Как отец, я отец очень темпераментный, иногда.
39
Люся поехала в Венецию. С собой взяла колбасу, трусы и штопор.
На месте Венеции я бы обиделся. Когда ты город на Средиземном море, по тебе плавают, извините за выражение, гондольеры, ты весь в каналах, карнавалах и Бродский в тебе похоронен, а кто-то приезжает в тебя с набором для пьянки в кустах, это свинство. Так считаем мы с Венецией.
Вчера Люся прислала письмо. Пишет, что всё отлично.
Кто б сомневался. Когда всё с собой и не надо выпрашивать колбасу, трусы и штопор, любая Сан-Марко дом родной. За каждым изгибом канала тепло, пенёк и заросли черёмухи.
А сегодня она в городе Пизе. Собирается лезть на башню.
Никто не знает, кстати, как будет по-пизански «упасть с башни»? Хочу послать Люсе эсэмэс-предостережение.
40
Смотрел передачу про суд. Плакал от торжества справедивости. Там один мальчик мерзко себя вёл с детства, курил табак, плевал где люди ходят, пел матерные песни. А учился так плохо, что после школы всем серебряные, золотые, а ему пластилиновую медаль дали, с надписью «чтоб ты сдох, проклятый двоечник».

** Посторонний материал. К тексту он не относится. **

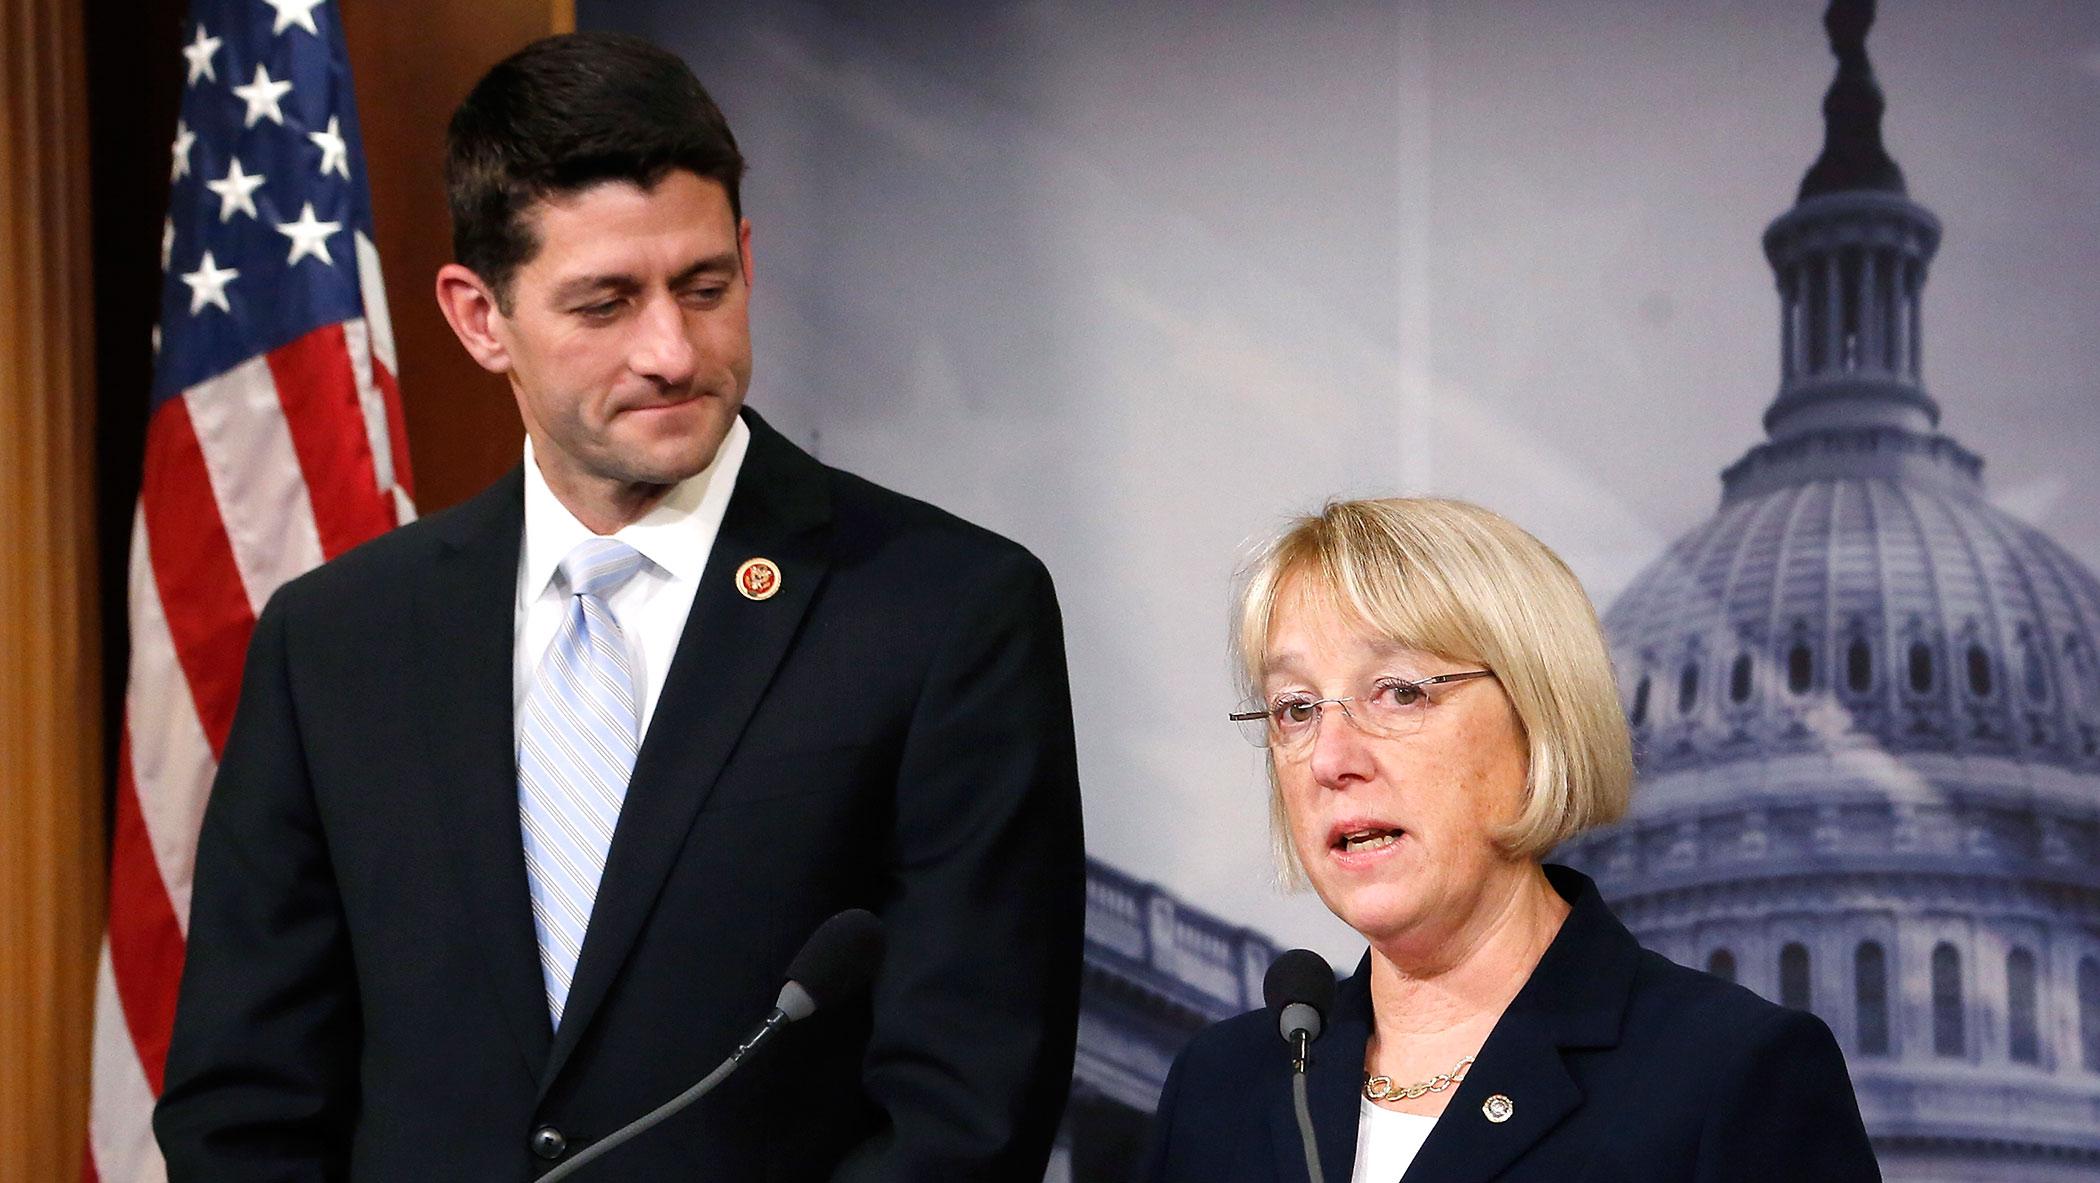 Paul Ryan and Patty Murray

Мальчик добывал гормоны роста из окорочков, распух что твой диплодок, стал асоциальным элементом. Поставил под окно БМВ и поехал в Египет загорать. Так делают все асоциальные элементы. Поэтому египтяне нас боятся и никогда не нападут. Они думают, тут вся страна такая, хари не влазят в фотоаппарат, сплошь асоциальные, под окном БМВ, с пластилиновыми медалями за образование.

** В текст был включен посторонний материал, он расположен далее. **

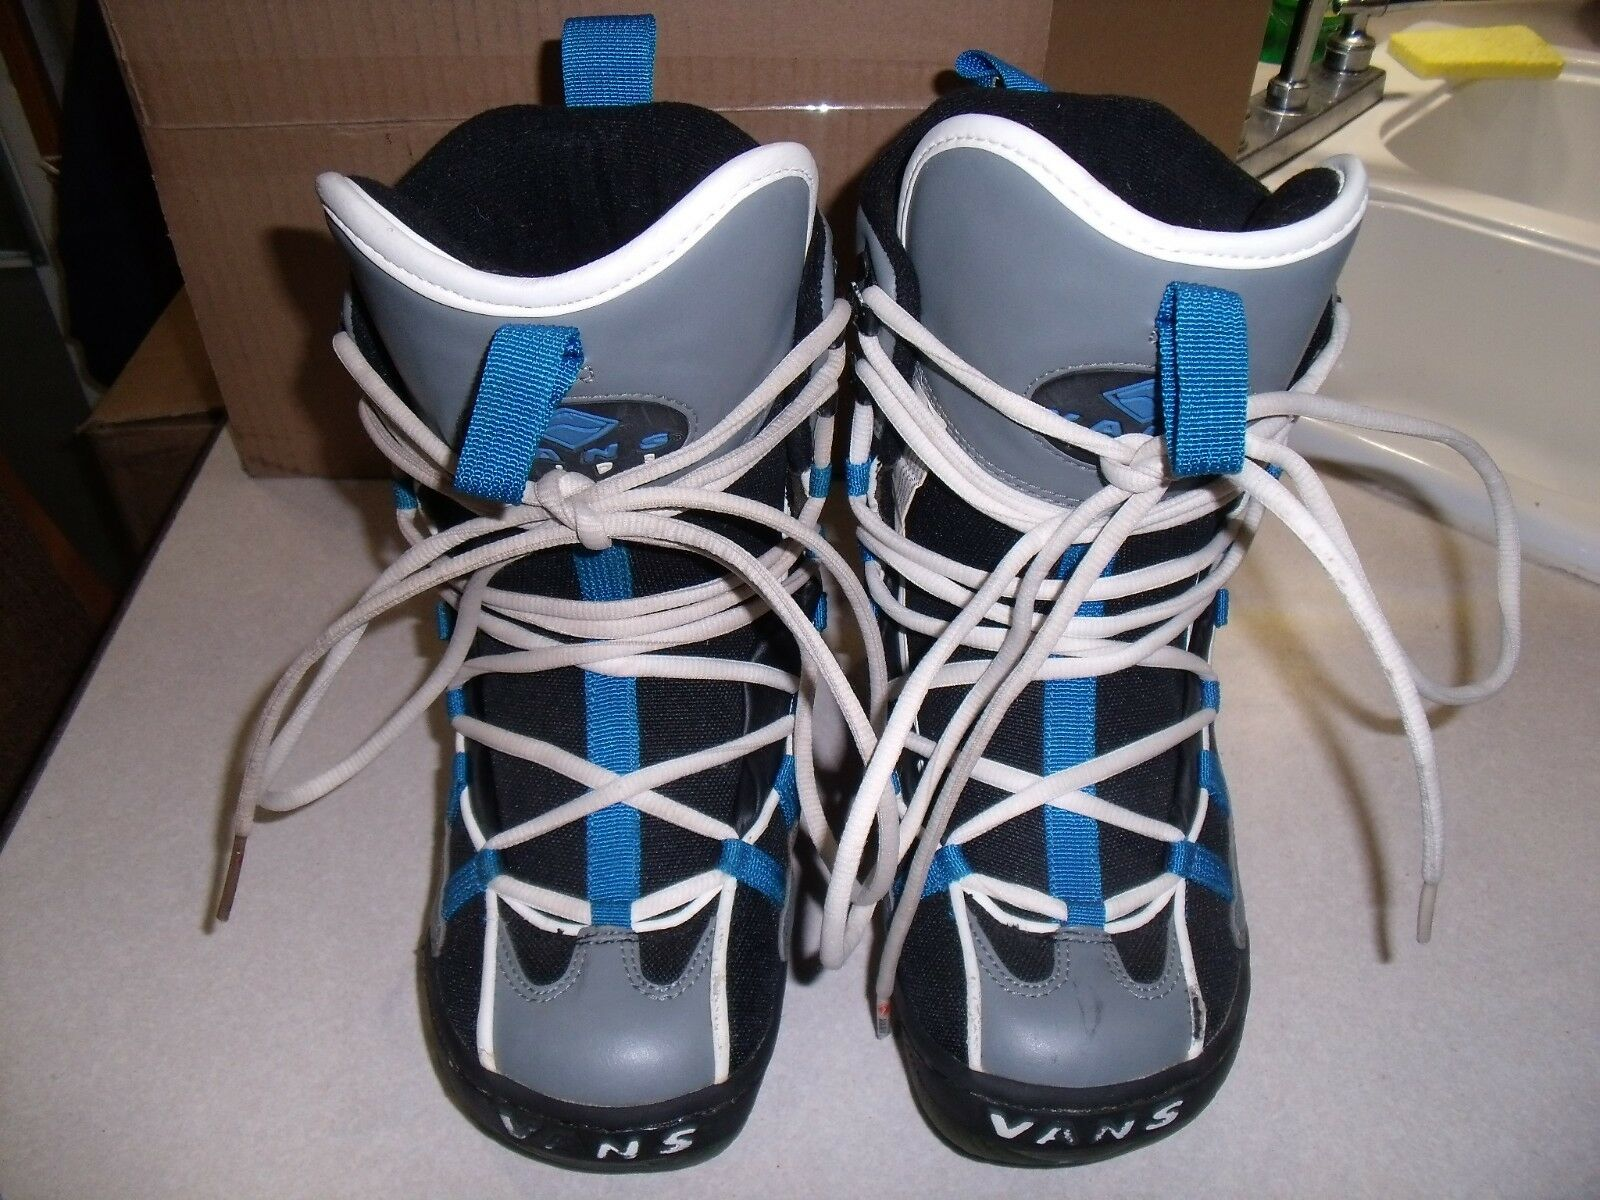 Vans boy's Snowboard Boots - size US-5

Пока мальчик внушал уважение к России, его авто не скучало. Анонимный Робин Гуд разбил люк монтировкой и влил в салон полтора куба прекрасного бетона. За всё. За непереведённых через дорогу старушек, за сожранный в шестом классе дневник с двойками и за вой полуночных сигнализаций, за их неумение отличить кошку от угонщика. Накопилось у кого-то.
Бетон с машиной слились в единое, вышла очень крепкая конструкция, хотя и непригодная для поездки с женщинами на пикник. Гастарбайтерам пришлось неделю махать перфораторами, чтоб пробиться хотя бы к замку зажигания. Диплодок ходил по Родине загорелый и расстроенный. Он не был совсем бесчувственным, в его сердце жила любовь к технике. Движимый этим чувством, он живо нашёл водилу именно той бетономешалки, что развозила бетон для нужд мстителей микрорайона. Друзья двоечника дали почувствовать себя бубном. Постучали в него, постучали, потом в суд привели. Стали объяснять про частную собственность.
И тут бетономешалкин адвокат, красивая тётка, прожаренная солярием до хрустящей корочки, достала из сумочки старушку-соседку.